Methods: Synthesis of DOTA-AE105-NH2, and NODAGA-AE105-NH2, was based on solid-phase peptide synthesis protocols using the Fmoc strategy. (GaCl3)-Ga-68 was eluted from a Ge-68/Ga-68 generator. The eluate was either concentrated on a cation-exchange column or fractionated and used directly for labeling. For in vitro characterization of both tracers, partition coefficient, buffer and plasma stability, uPAR binding affinity and cell uptake were determined. To characterize the ill
vivo properties, dynamic microPET selleck imaging was carried out in nude mice bearing human glioma U87MG tumor xenograft.
Results: In vitro experiments revealed uPAR binding affinities in the lower nM range for both conjugated peptides and identical to AE105. Labeling of DOTA-AE105-NH2 and NODAGA-AE105-NH2 with Ga-68 was done at 95 degrees C and room temperature, respectively. The highest radiochemical yield and purity were obtained using fractionated elution, whereas a negative effect of acetone on labeling efficiency for NODAGA-AE105-NH2
was observed. CUDC-907 Good stability in phosphate-buffered saline and mouse plasma was observed. High cell uptake was found for both tracers in U87MG tumor cells. Dynamic microPET imaging demonstrated good tumor-to-background ratio for both tracers. Tumor uptake was 2.1% ID/g and 1.3% ID/g 30 min postinjection and 2.0% ID/g and 1.1% ID/g 60 min postinjection for Ga-68-NODAGA-AE105-NH2 and Ga-68-DOTA-AE105-NH2, respectively. A significantly higher tumor-to-muscle ratio (P<.05) was found for Ga-68-NODAGA-AE105-NH2 60 min postinjection.
Conclusions: TCL The use of Ga-68-DOTA-AE105-NH2 and Ga-68-NODAGA-AE105-NH2 as the first gallium-68 labeled uPAR radiotracers for noninvasive PET imaging is reported, which combine versatility with good imaging properties. These new tracers thus constitute an interesting alternative to the Cu-64-labeled version (Cu-64-DOTA-AE105 and 64Cu-DOTA-AE105-NH2) for detecting uPAR expression in tumor tissue. In our hands, the
fractionated elution approach was superior for labeling of peptides, and Ga-68-NODAGA-AE105-NH2 is the favored tracer as it provides the highest tumor-to-background ratio. (C) 2012 Elsevier Inc. All rights reserved.”
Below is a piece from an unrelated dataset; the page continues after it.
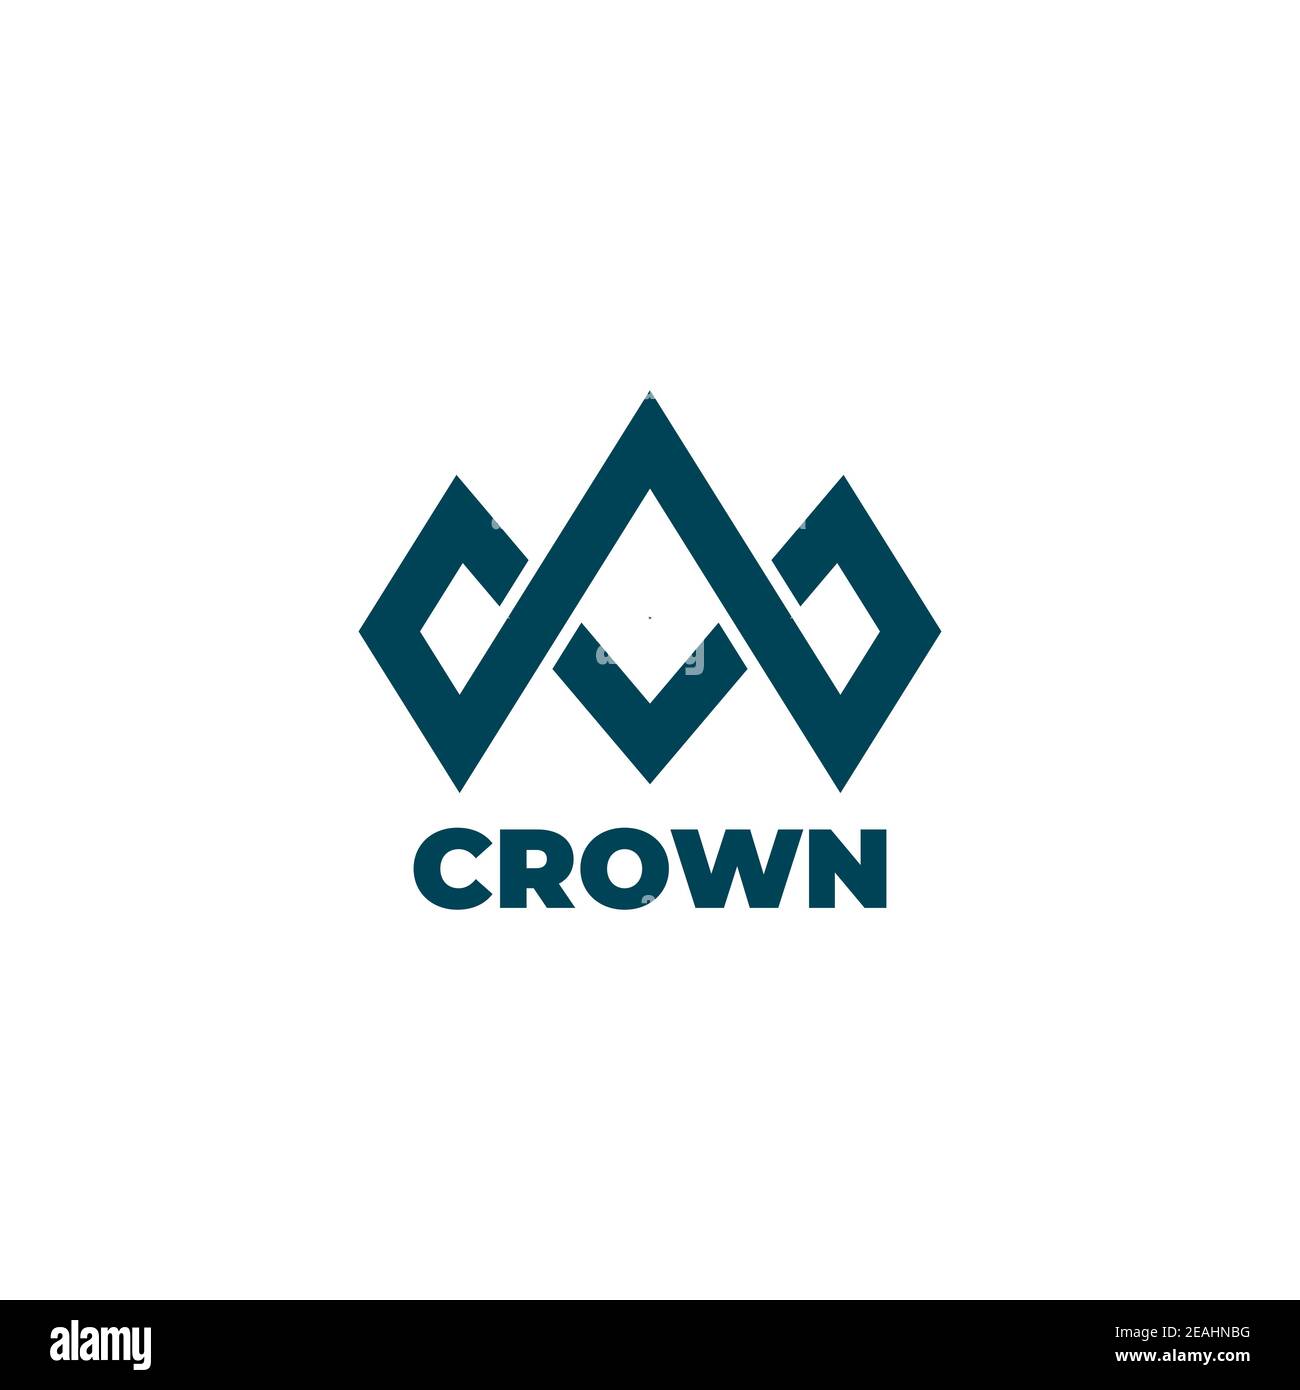 Crown logo design symbol vector template Stock Vector

“Recent phosphoproteomics studies of several bacteria] species have firmly established protein phosphorylation on Ser/Thr/Tyr residues as a PTM in bacteria. In particular, our recent reports on the Scr/Thr/Tyr phosphoproteomes of bacterial model organisms Bacillus subtilis and Escherichia coli detected over 100 phosphorylation events in each of the bacterial species. Here we extend our analyses to Lactococcus lactis, a lactic acid bacterium widely employed by the food industry, in which protein phosphorylation at Ser/Thr/Tyr residues was barely studied at all. Despite the lack of almost any prior evidence of Ser/Thr/Tyr protein phosphorylation in L.